Momentum Traders trade shares with high relative momentum. They will usually hold a position until a predefined target is reached or until the momentum slows. Momentum traders usually use chart patterns to find shares with a high probability of reaching a target, and employ stop losses to limit risk.
Time frame: Hours to months.
Pros: If executed well, momentum trading can be a very efficient way to allocate capital.
Cons: Depending on the time frame, momentum trading can require a lot of time and patience waiting for setups. During periods of market consolidation, momentum trading is often unprofitable.
Personality fit: Momentum trading is perfect for those who don’t like missing out on any move in the market. But, you do need the patience to wait for the right signal and not take marginal trades.
Swing traders attempt to trade the rhythm of the market within a trend. They try to trade as the momentum changes from negative to positive and visa verse.
Time frame: Hours to weeks.
Pros: Swing trading when executed well can combine the best of day trading and momentum trading. You can trade high-risk reward setups, but you also ride the trend longer than a day trader can.
Cons: Swing trading is time-consuming as the window of opportunity can be narrow. You need to be plugged into the market at all times.
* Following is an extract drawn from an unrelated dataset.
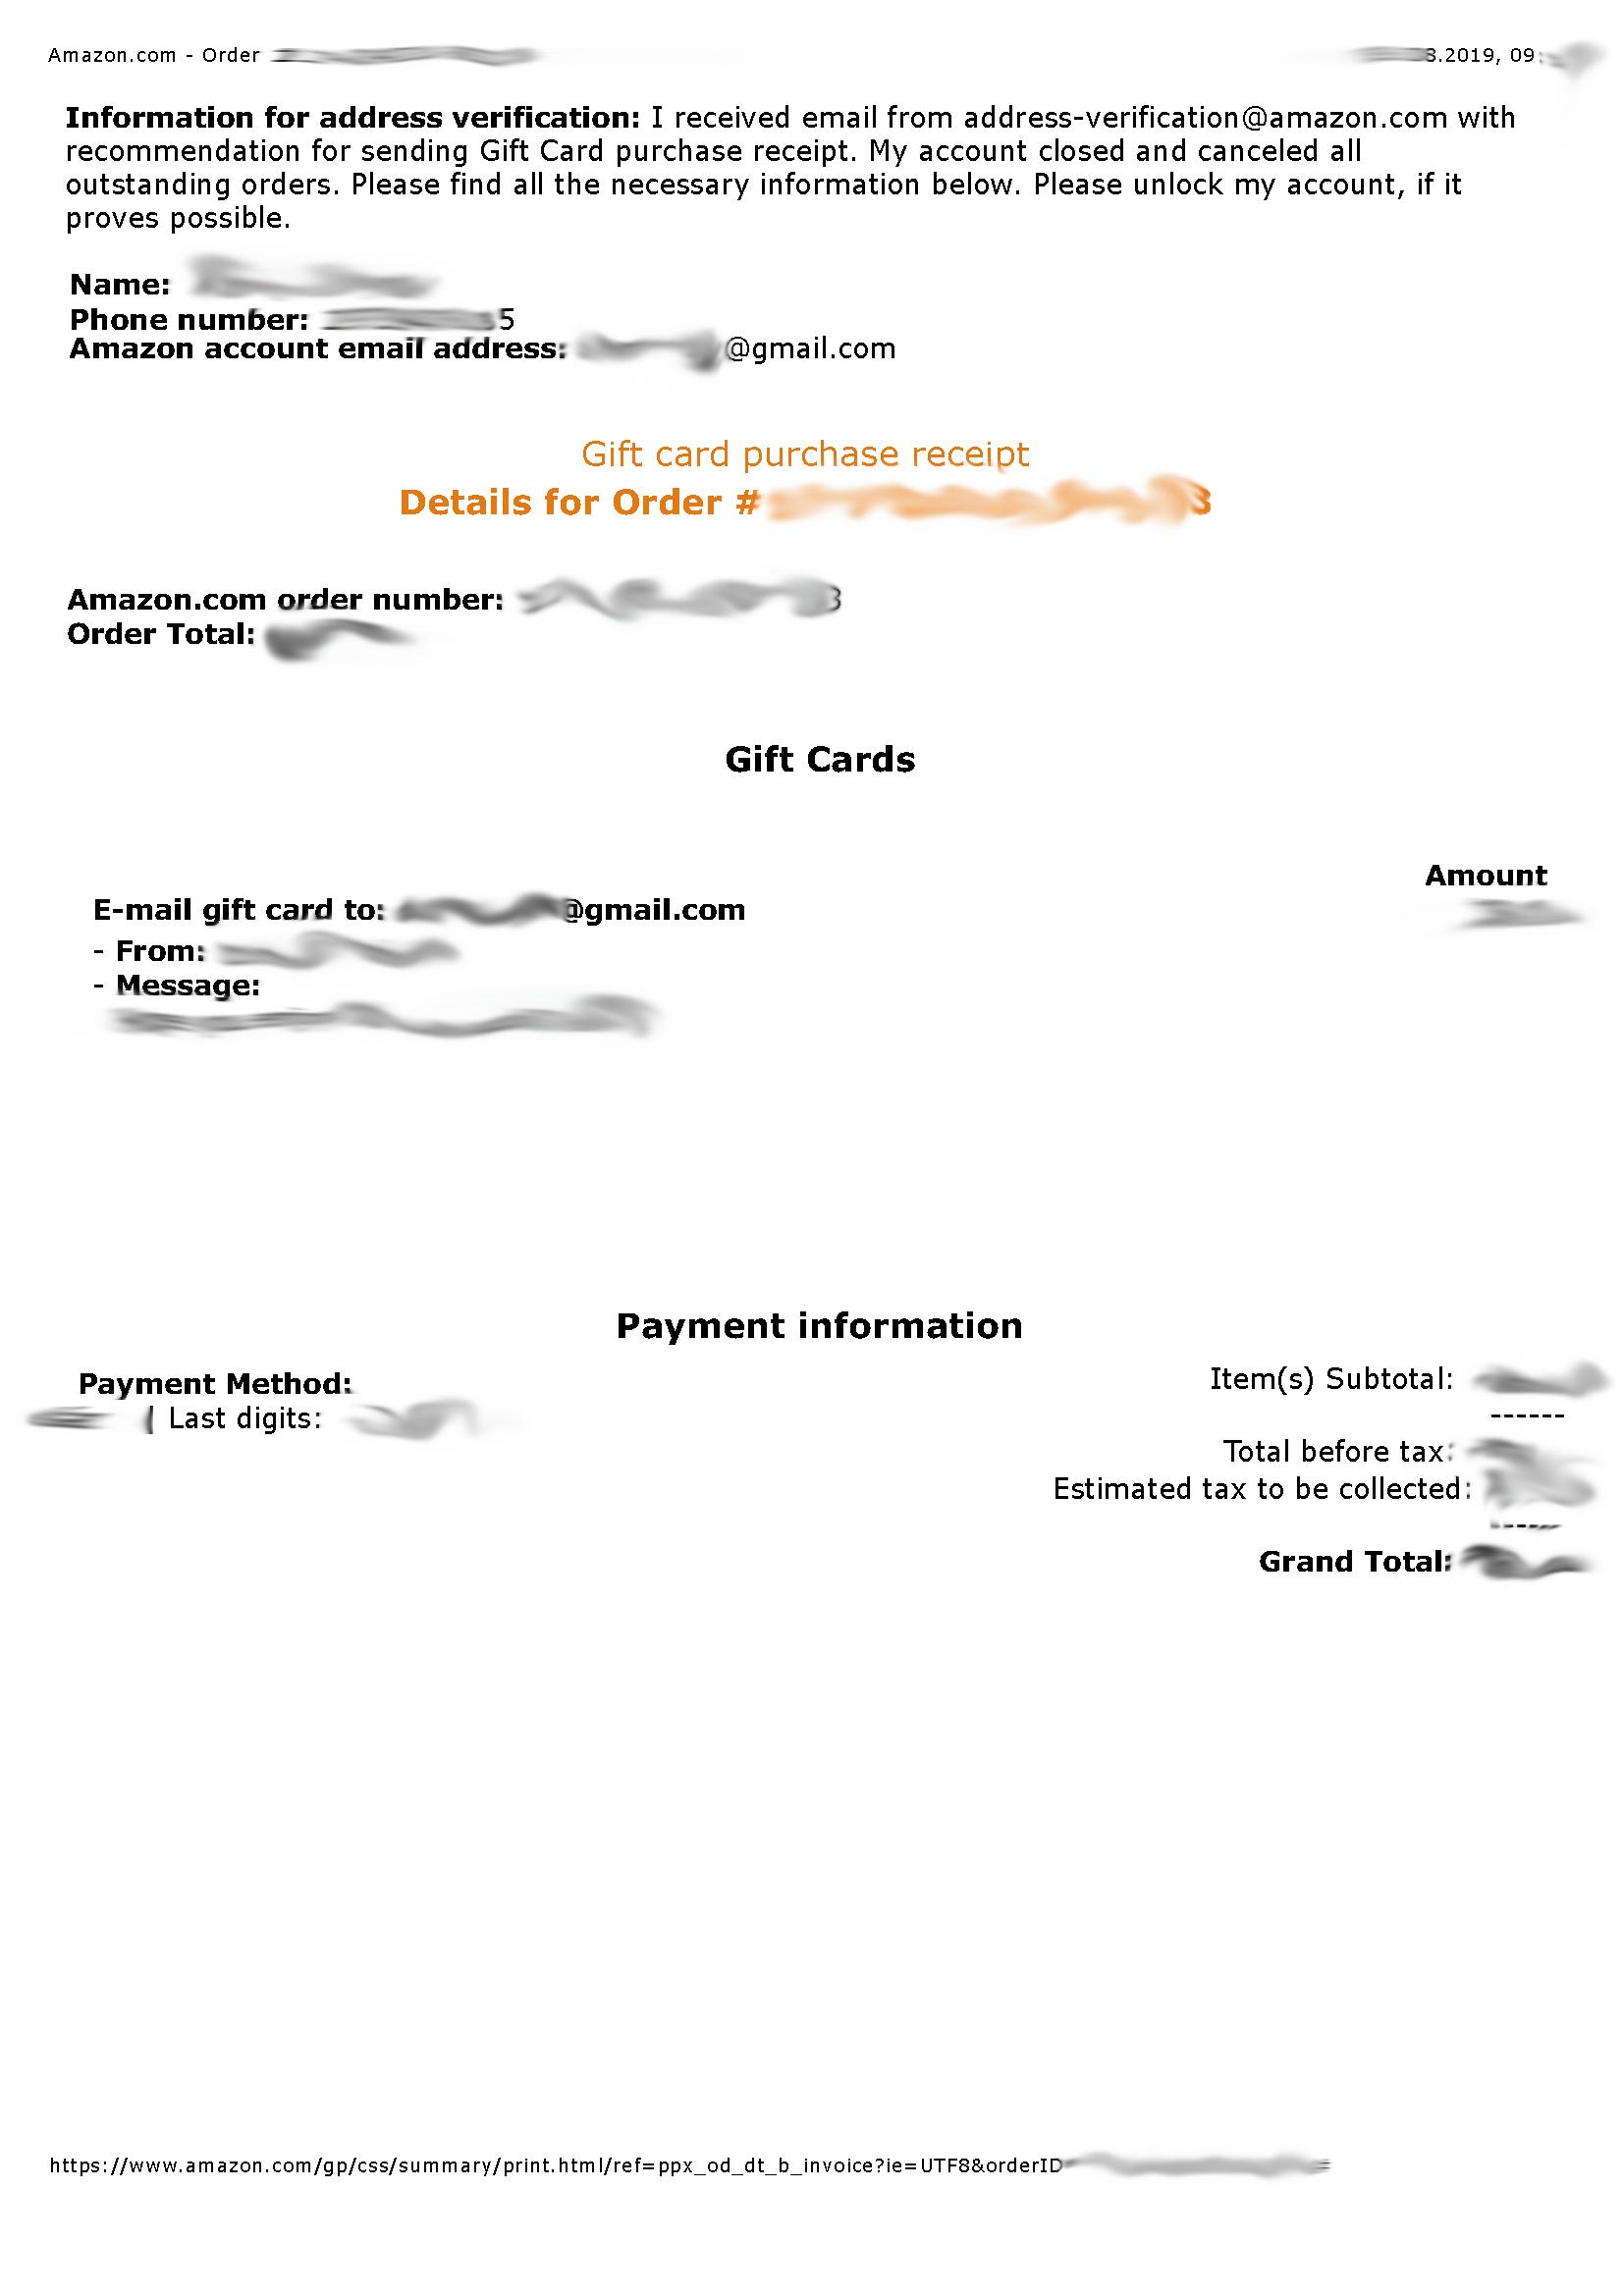 amazon-com-order-114-8341031-8032263-png.388484
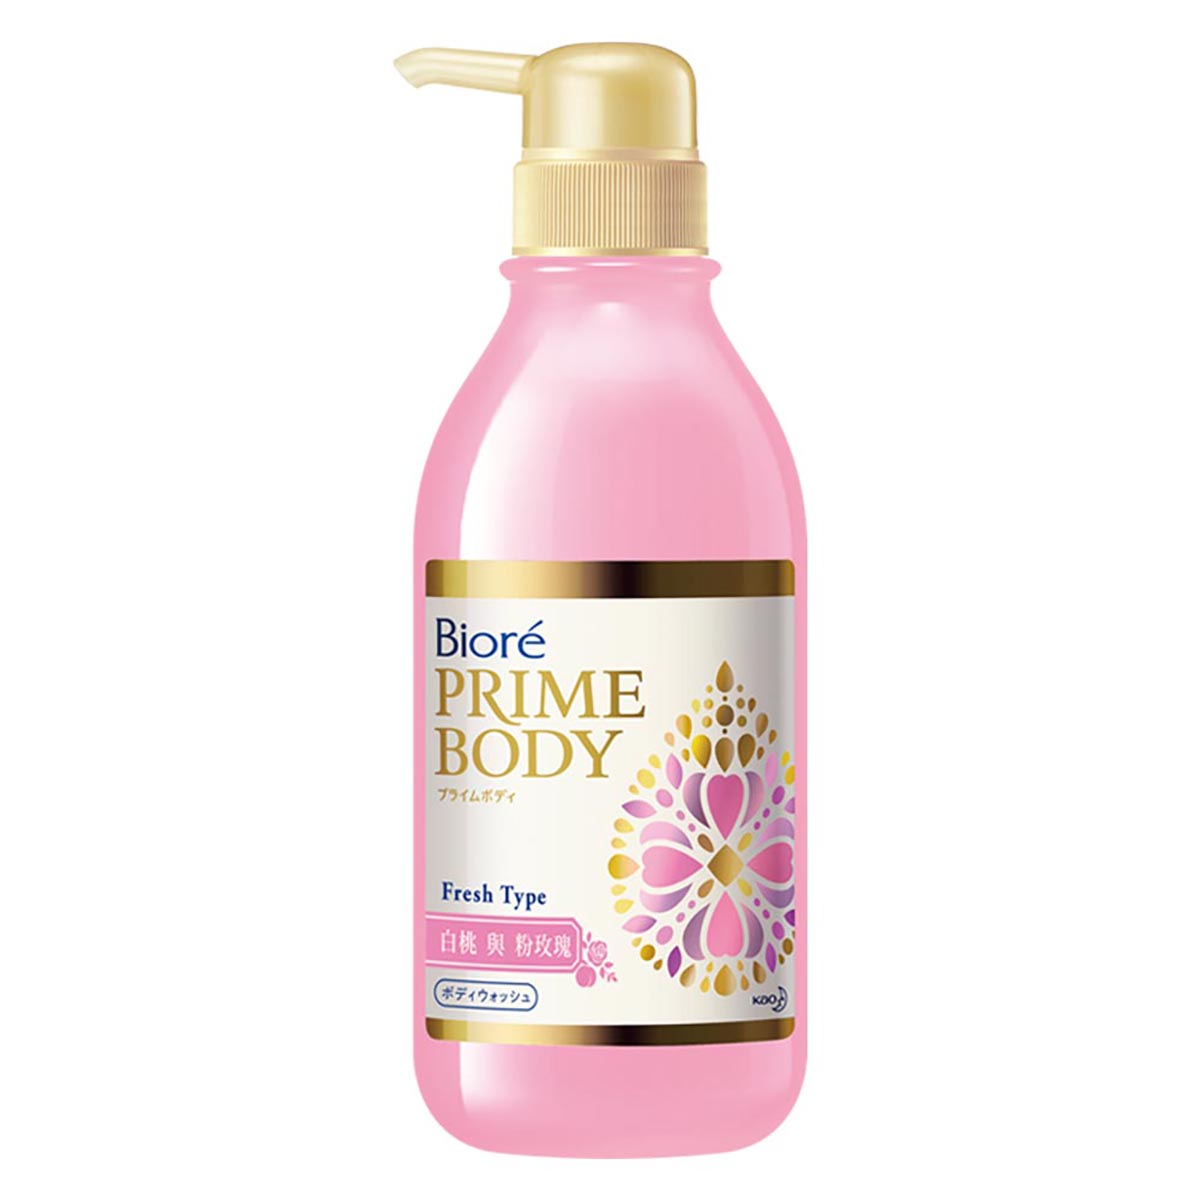 Biore蜜妮極緻精華油沐浴露-白桃與粉玫瑰500ml

Personality fit: As a swing trader you need to have a good feel for the market and an understanding of supply and demand. Swing trading is suited to those who like to use their instincts as much as a system.
Day traders enter and exit trades on the same day. They use numerous strategies to profit from intraday trends and usually use leverage to capitalise on small moves.
Time frame: Minutes to hours
Pros: Day trading allows the use of more leverage as the risk per trade is usually lower. Day traders are not exposed to overnight gaps.
Cons: Requires full-time attention.You will often miss out on the full extent of a trend by closing a trade at the end of the day. Trading costs make up a far larger part of a day trader’s P&L, and they therefore usually only trade instruments with low commission rates.
Personality fit: The first requirement is time. DayTrading is a full-time job, not a hobby. Secondly focus, resilience and discipline.
Scalping is a term you will also hear from time to time. Scalpers attempt to make quick profits by trading within a channel or by looking for a reversion to the mean or away from a support or resistance level.
Time frame: Minutes to hours
Pros: Scalpers can make money under most market conditions by moving from one time-frame to another.
Cons: Scalping requires full-time attention because profits are small and losses must be kept small too.
Personality fit: Scalping is perfect for those who like to be active all the time.
Short selling can be used in all the trading styles above, but requires very careful risk management as potential losses can be unlimited.
These are the most common investment and trading styles. But remember, finding a style that works for you is only the first step. You also have to get good at that particular style and work out what your edge is. The shorter the timeframe, the more important skill and having an edge become. It’s best to start out with a longer time frames and move to a shorter time frame as you become more comfortable with your style.